Should a picture appear anywhere in the data, omit it and copy everything else exactly.
** RECORDED DATA follows **
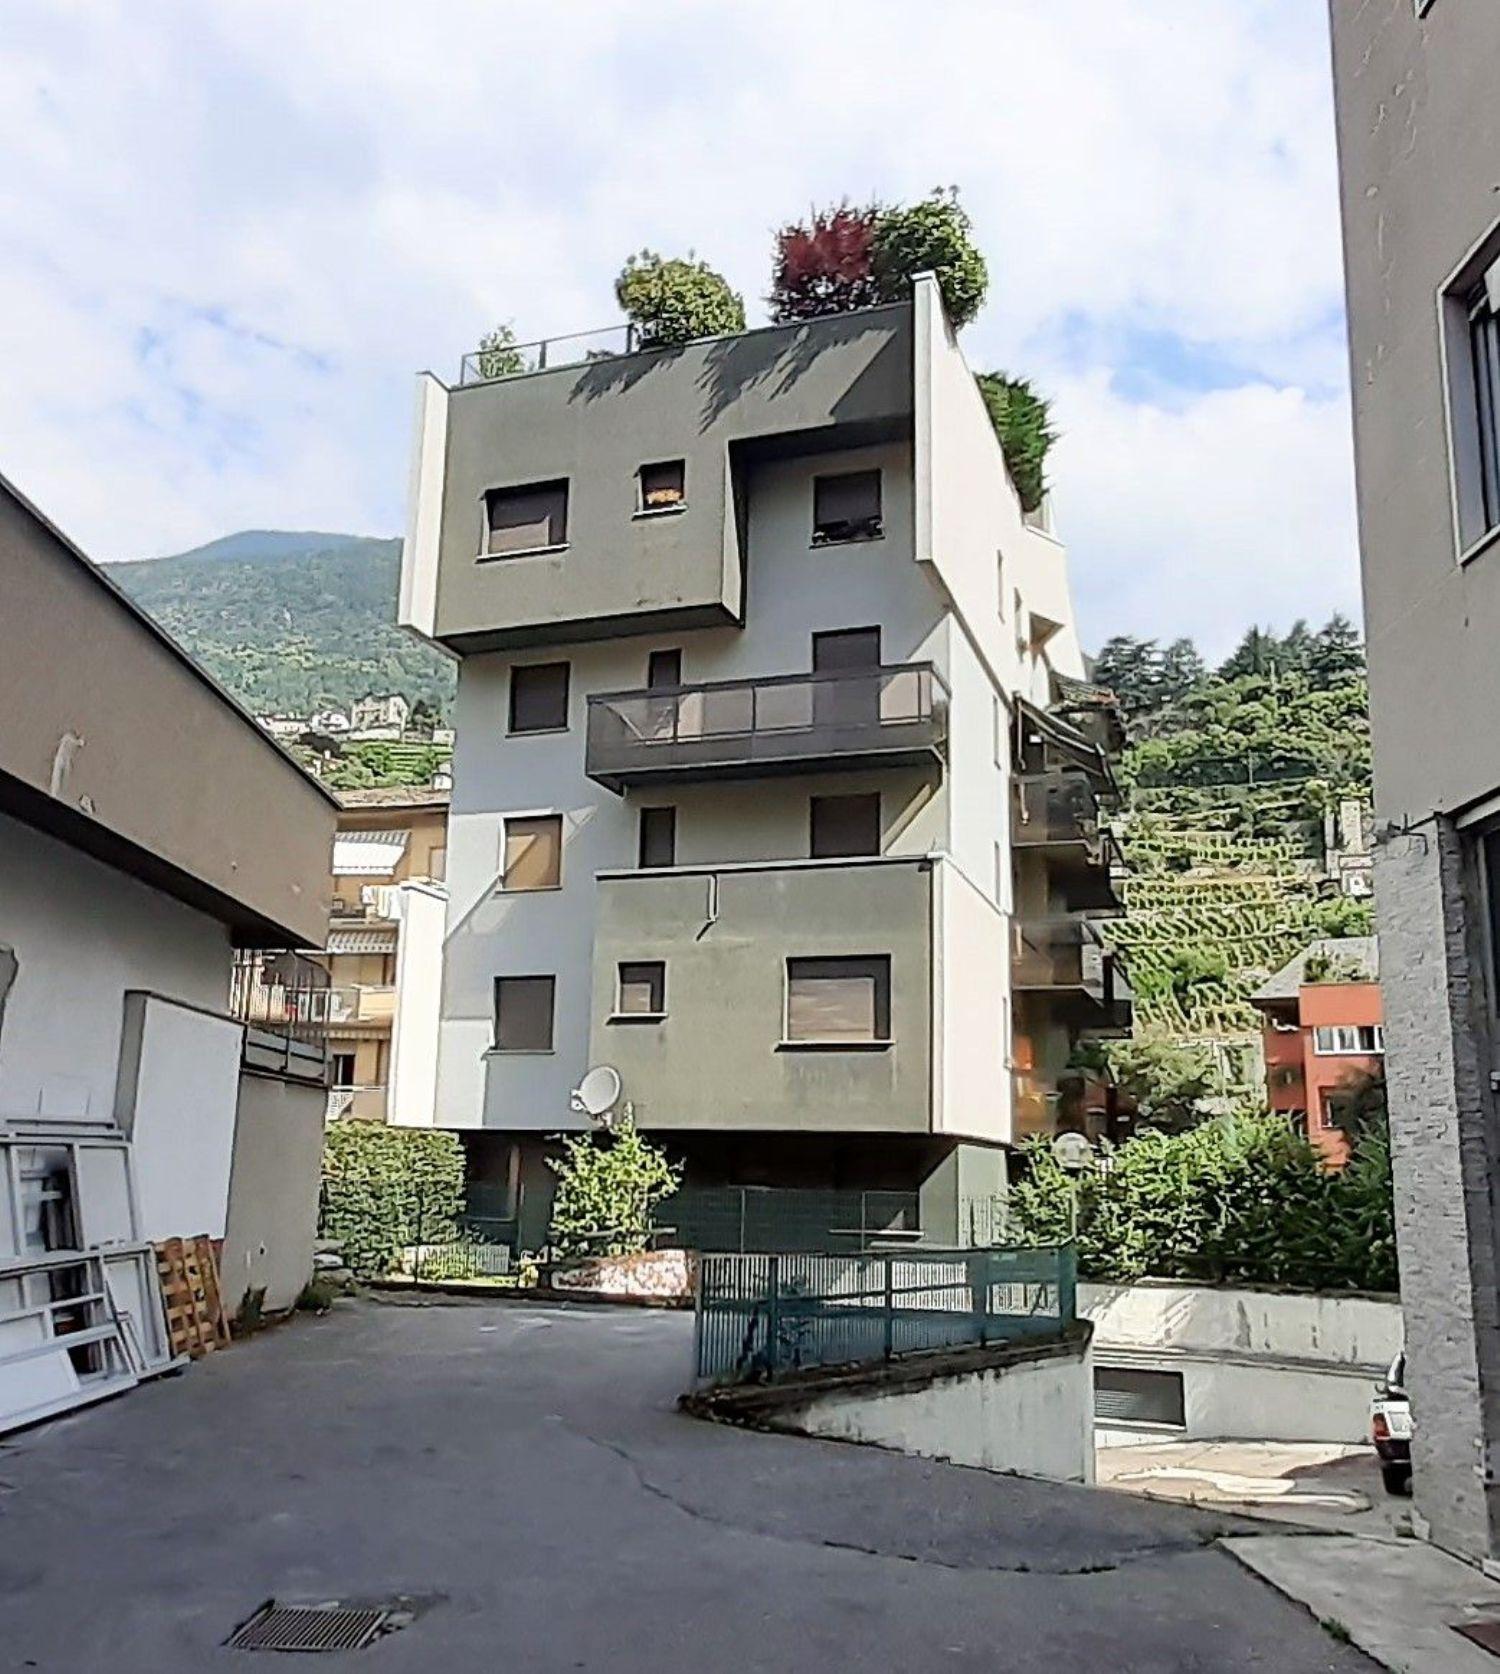 Immobile Commerciale in vendita a Sondrio, 9999 locali, prezzo € 300.000 | PortaleAgenzieImmobiliari.it
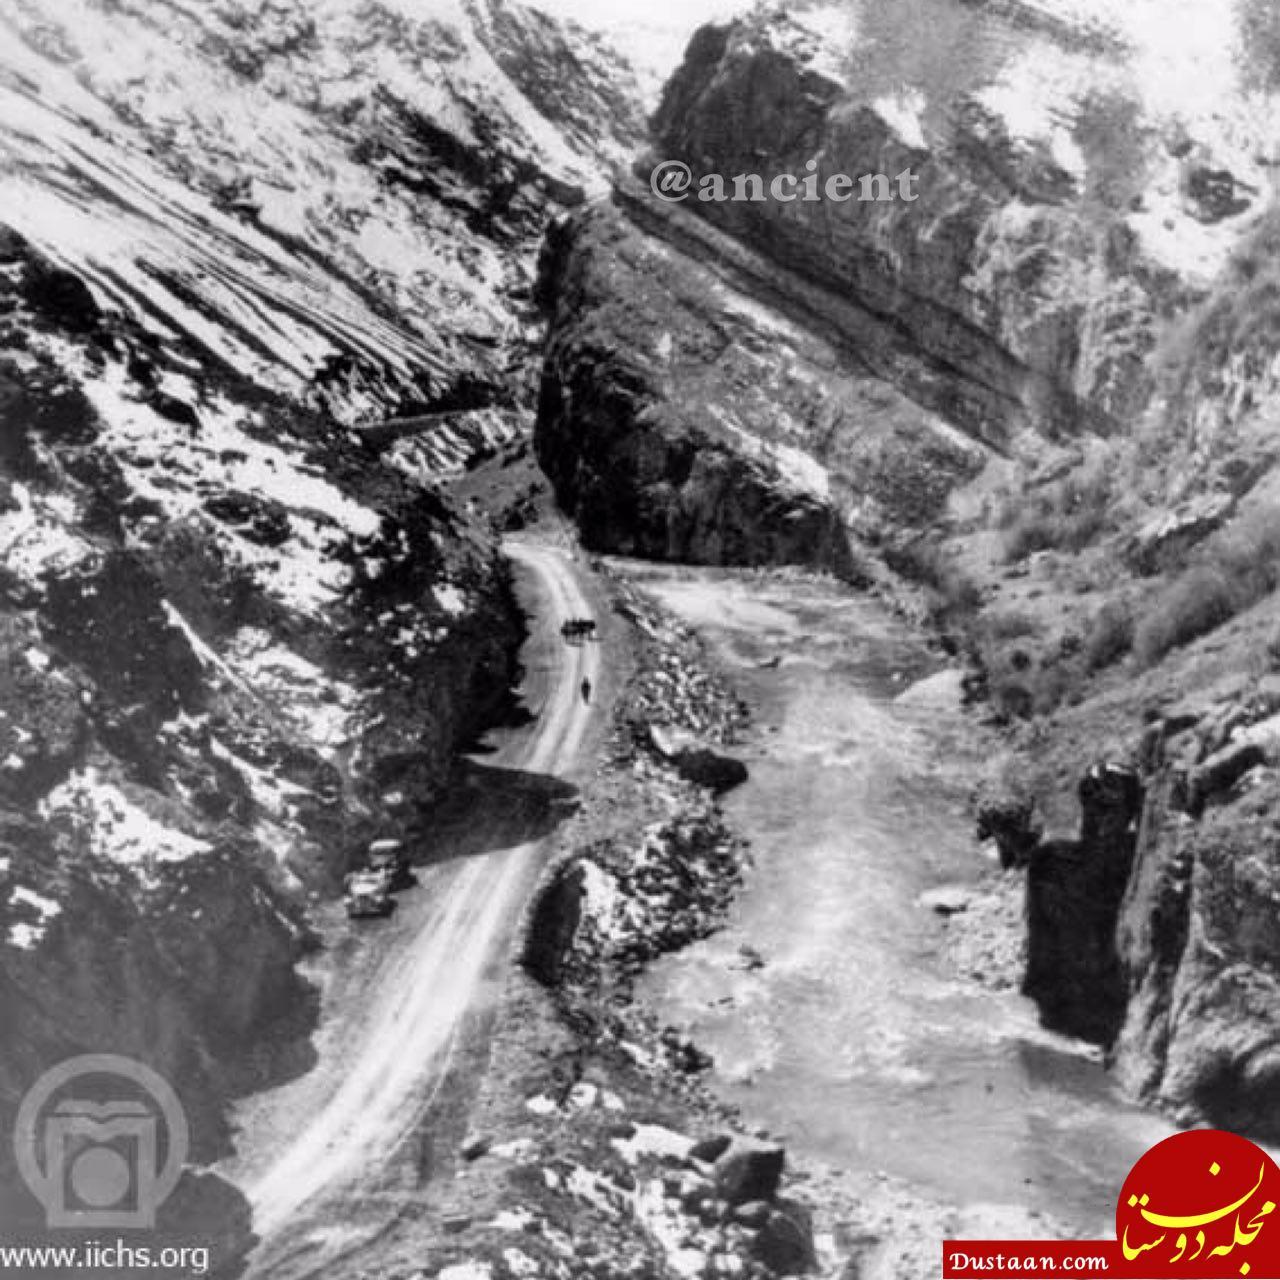 تصویری دیده نشده از جاده چالوس در زمان قاجار!
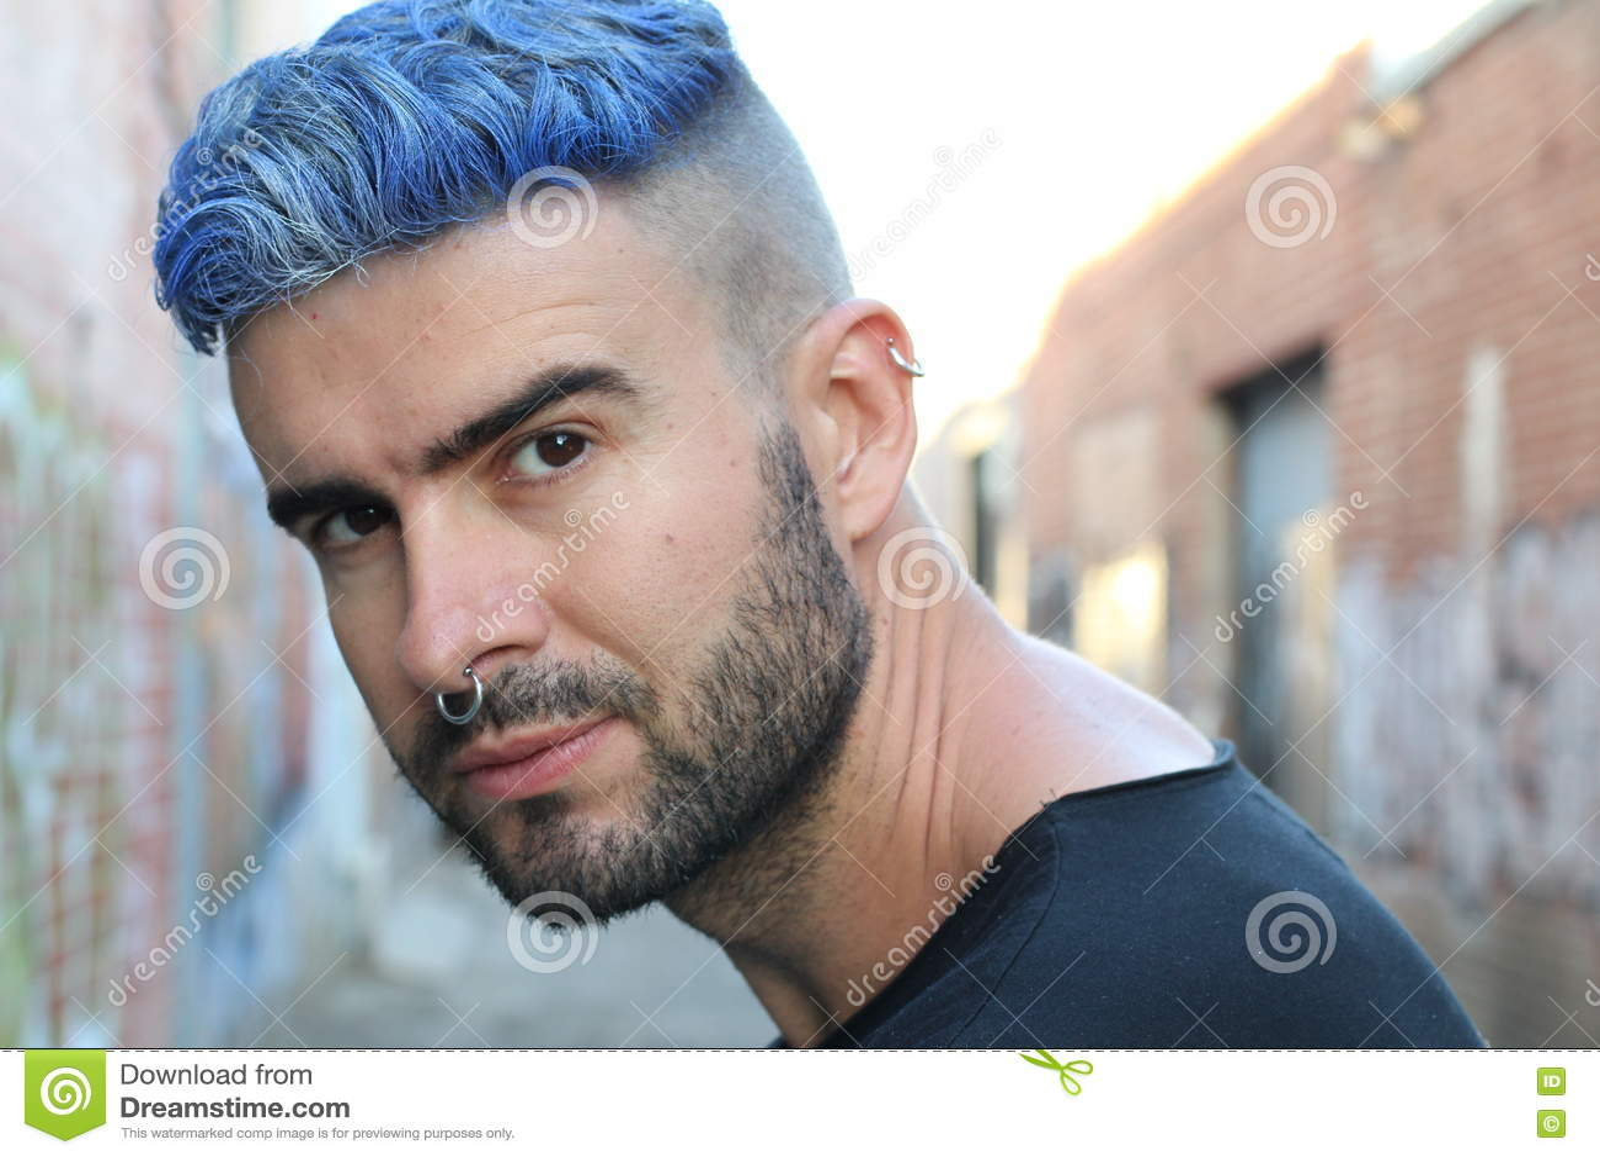 Hombre joven elegante hermoso con el peinado, la barba y perforaciones socavados teñidos azul artificial coloreados del pelo con
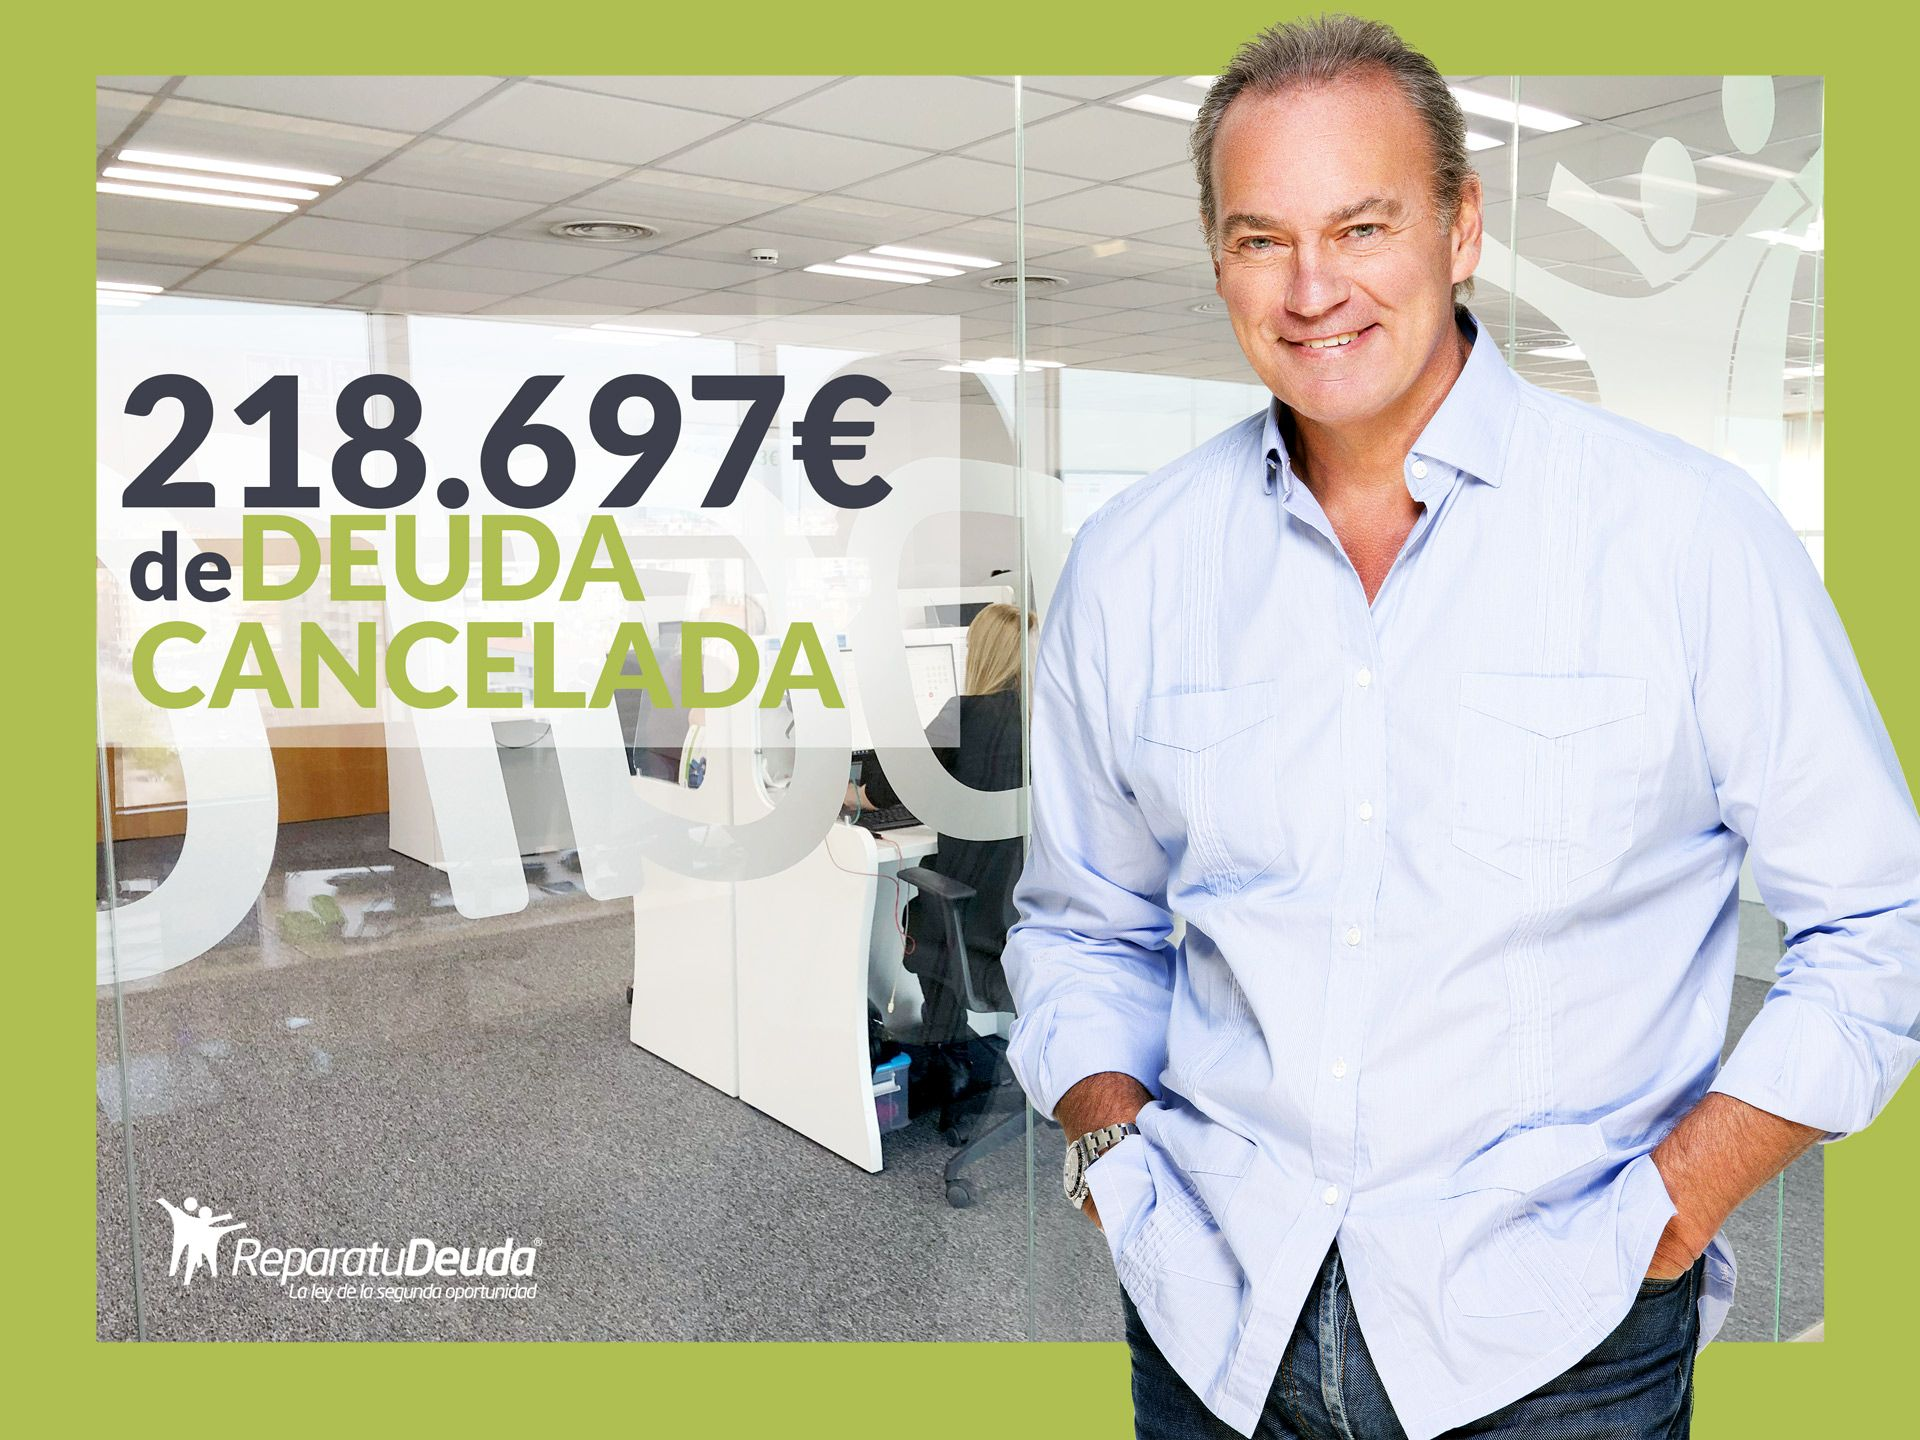 Repara tu Deuda Abogados cancela 218.697 ? en Barcelona con la Ley de Segunda Oportunidad
** End of RECORDED DATA **
SOLUTION BELOW:
 Immobile Commerciale in vendita a Sondrio, 9999 locali, prezzo € 300.000 | PortaleAgenzieImmobiliari.it
 تصویری دیده نشده از جاده چالوس در زمان قاجار!
 Hombre joven elegante hermoso con el peinado, la barba y perforaciones socavados teñidos azul artificial coloreados del pelo con
 Repara tu Deuda Abogados cancela 218.697 ? en Barcelona con la Ley de Segunda Oportunidad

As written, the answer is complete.